▸ WHAT IS REQUIRED
Set out exactly, line by line, the stretch of data below that begins at the line containing "North Valley Farmhouse Floorplan" and ends at the line containing "Arne Garborg: Haugtussa", with both ends kept.

▸ SUPPLIED MATERIAL
*** Begin section ***

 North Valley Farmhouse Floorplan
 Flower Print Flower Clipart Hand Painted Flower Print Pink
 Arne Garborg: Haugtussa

*** End section ***
*** Begin section ***

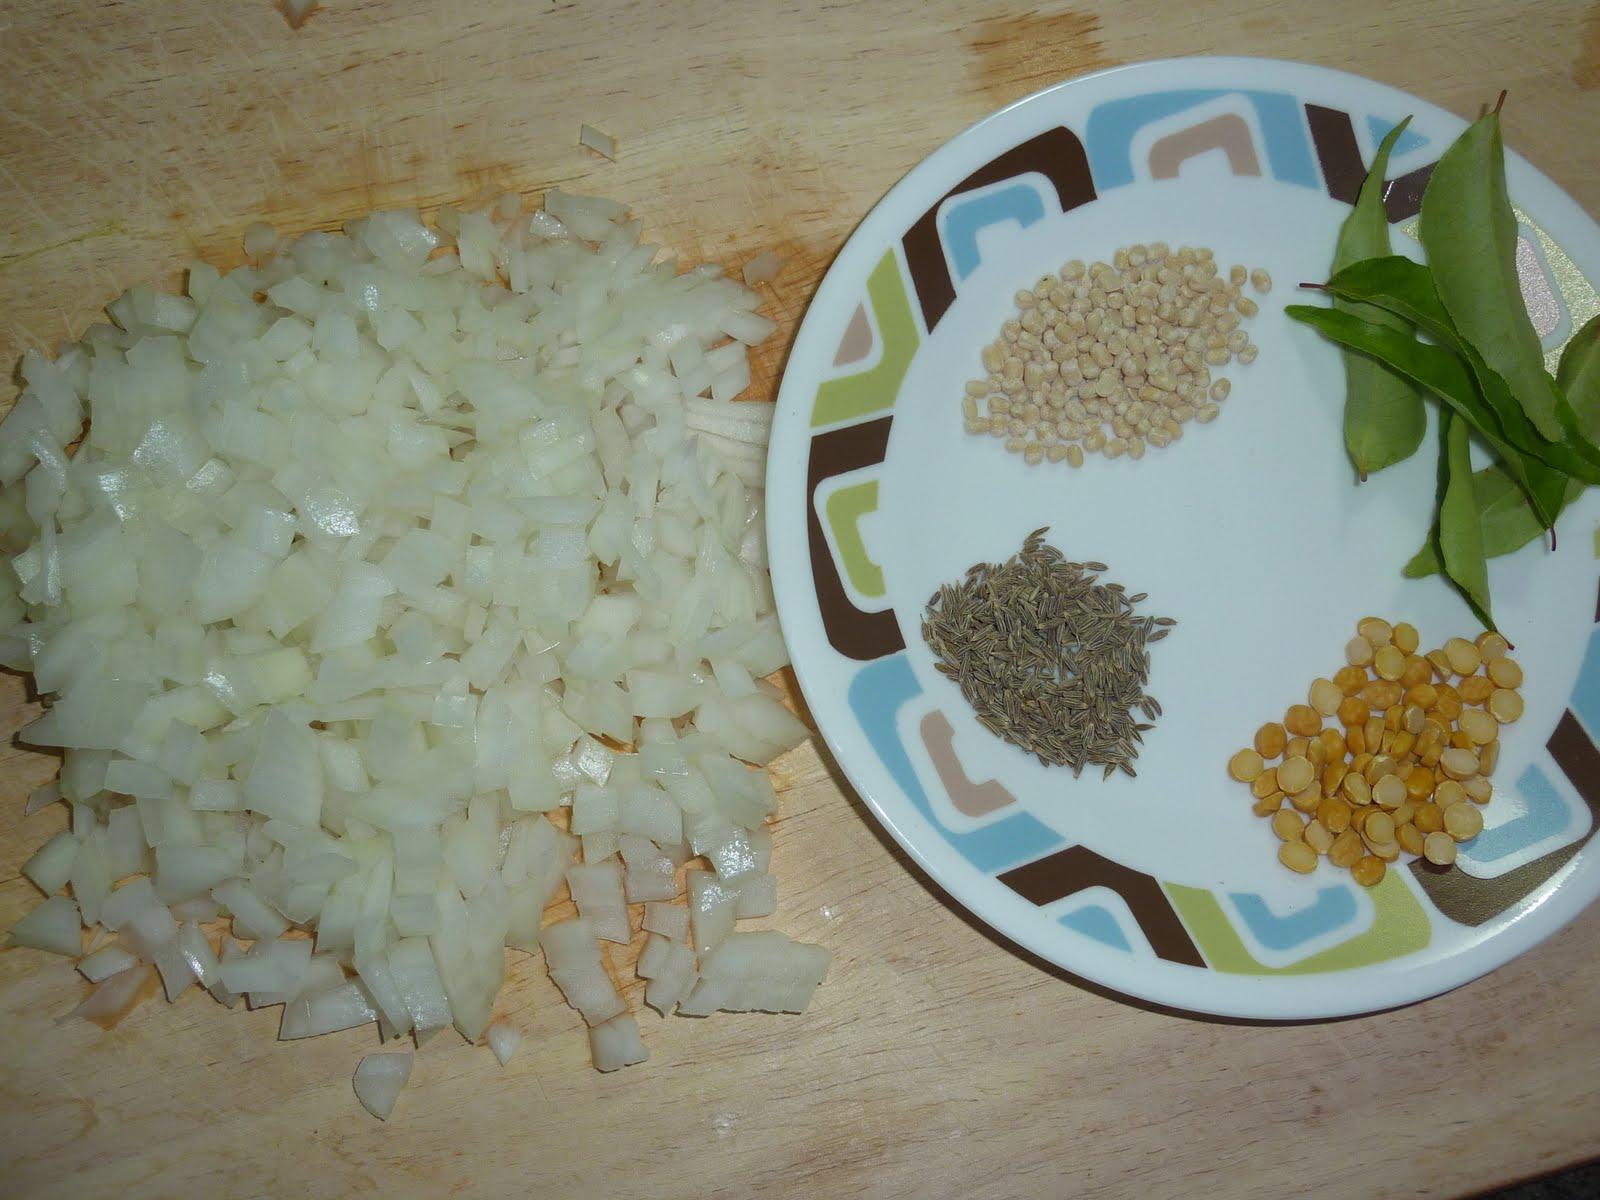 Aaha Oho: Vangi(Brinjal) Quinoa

*** End section ***

▸ EXERCISE ANSWER
 North Valley Farmhouse Floorplan
 Flower Print Flower Clipart Hand Painted Flower Print Pink
 Arne Garborg: Haugtussa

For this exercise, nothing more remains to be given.